I have a table in database which already have 100 records. Now I have to insert 100 more records to it. Now which object we have to use? whether dataadapter or sqlbulkcopy?

+1  A: 

If the underlying ADO.Net provider supports SQL batching you can use the DataAdapter. If you are using SQL server you can use the SqlBulkCopy. SqlBulkCopy has speed advantages as long as you can directly insert data into the database but only works with SQL server. If you need to use custom inserts, stored procs, or other data providers you will need to use the DataAdapter. The .Update method on the DataAdapter does run in a batch mode by default that ships many records to the database at a time is does the inserts on the server instead of looping the records one at a time on the client.

Keep in-mind that some providers do not support batch modes as all.

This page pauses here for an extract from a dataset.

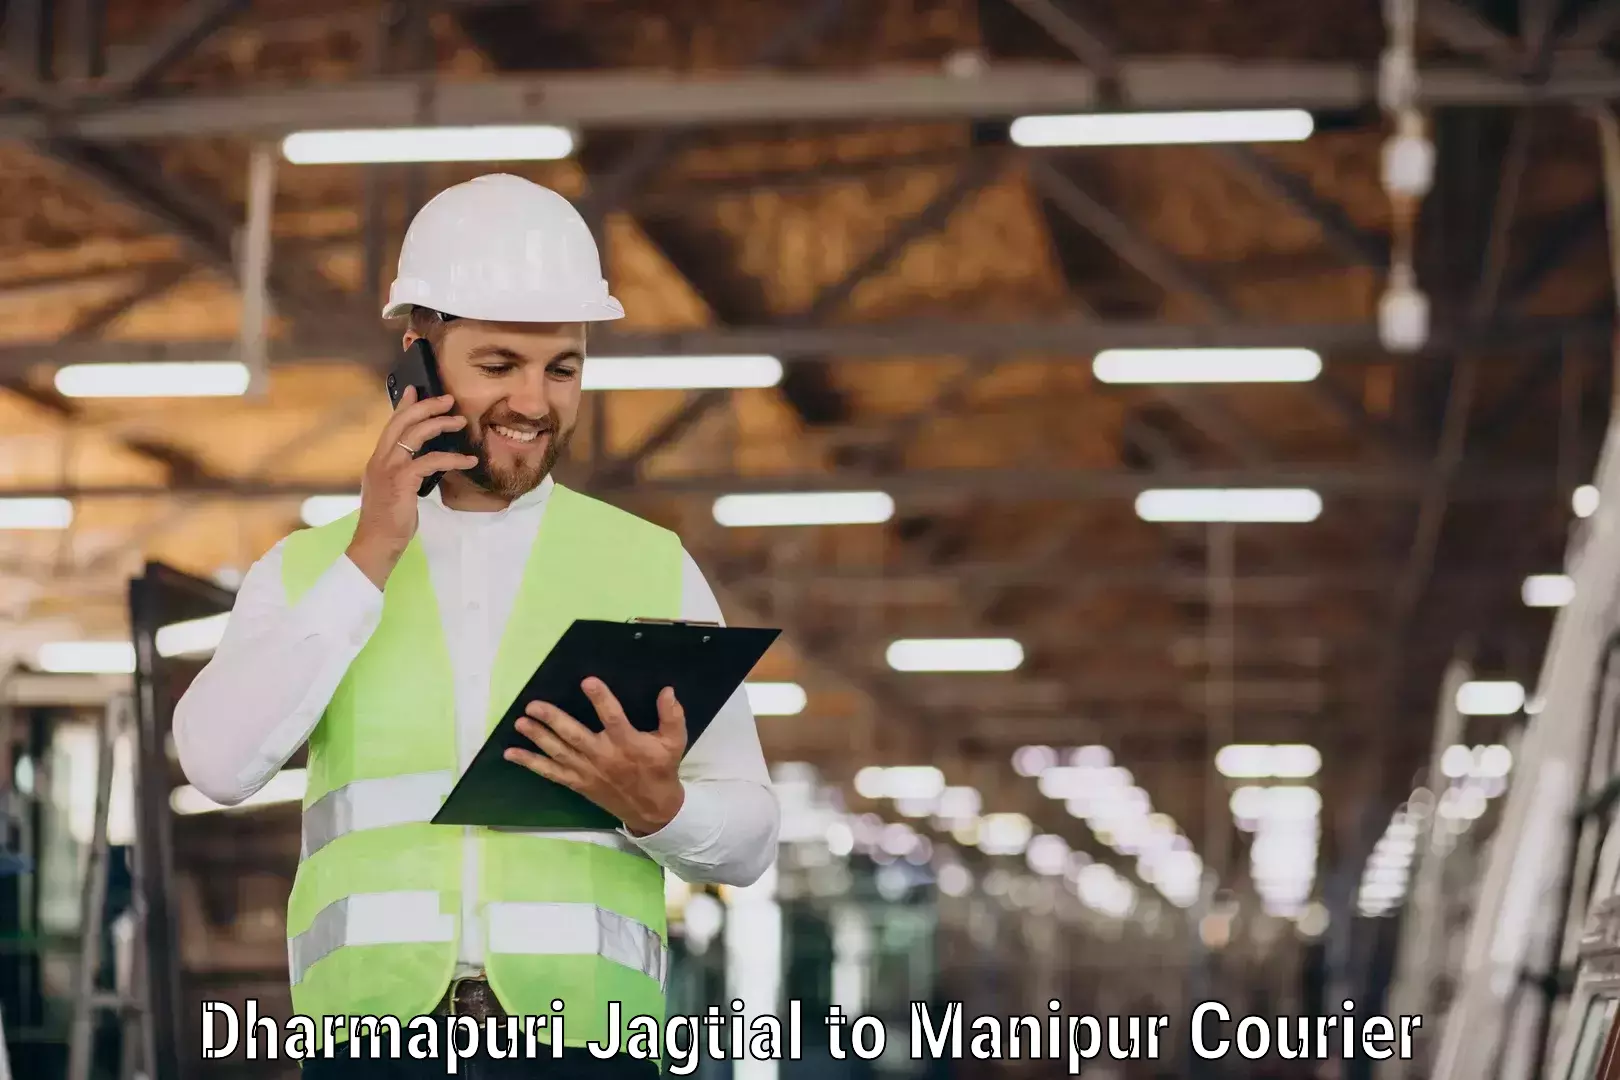 User-friendly courier app Dharmapuri Jagtial to Senapati

Also for loading data you might also look into SQL Server Intergration Services (SSIS)

Edit:

anishmarokey also makes a very good point. For processing 100 records it doesn't really matter how you do the inserts. Even with looping the records and doing custom SQL INSERTs will run reasonably fast.

Matthew Whited
+1 for good explanation :)
anishmarokey
+1  A: 

I think sqlbulkcopy is not needed. sqlbulkcopy is to insert bulk(millions) data .

Note : sqlbulkcopy - The .NET Framework and .NET Compact Framework do not support all versions of every platform

anishmarokey
A: 

I'll assume two things: that you are working with SQL Server and that you are Inserting your records from an external file. Here is a sample of the T-SQL code you need - it is quite simple (enter it right in a SQL prompt window in Mgmnt Studio):

BULK INSERT TableName
        FROM 'C:\SomeDirectory\SomeFile.txt'
            WITH
    (
                FIELDTERMINATOR = ',',
                ROWTERMINATOR = '\n'
    )
GO

Whether 100 records or 1 million, this is easy enough that there is no reason not to use Bulk Insert when you want to import from a CSV file. If the CSV doesn't match your table structure, then (what I do is) create a temporary table, do the import and then use an INSERT (as shown below) to copy from the temporary table to your target table, selecting just the fields or order that you need.

Just in case - if you are inserting 100 more records from another table or query, the syntax is:

Insert Into [dbName].[dbo].[TableName]
  Select Field1, Field2...FieldN From OtherTableName Where {Some conditions}

If your insert will include an Identity field it is:

Set IDENTITY_INSERT TableName ON
GO

Insert Into [dbName].[dbo].[TableName] (Field1, Field2...FieldN)
  Select Field1, Field2...FieldN From OtherTableName Where {Some conditions}
GO

Set IDENTITY_INSERT TableName OFF
GO

Note that you have to explicitly include the field list on the insert if you have an identity field where you do not have to do this otherwise.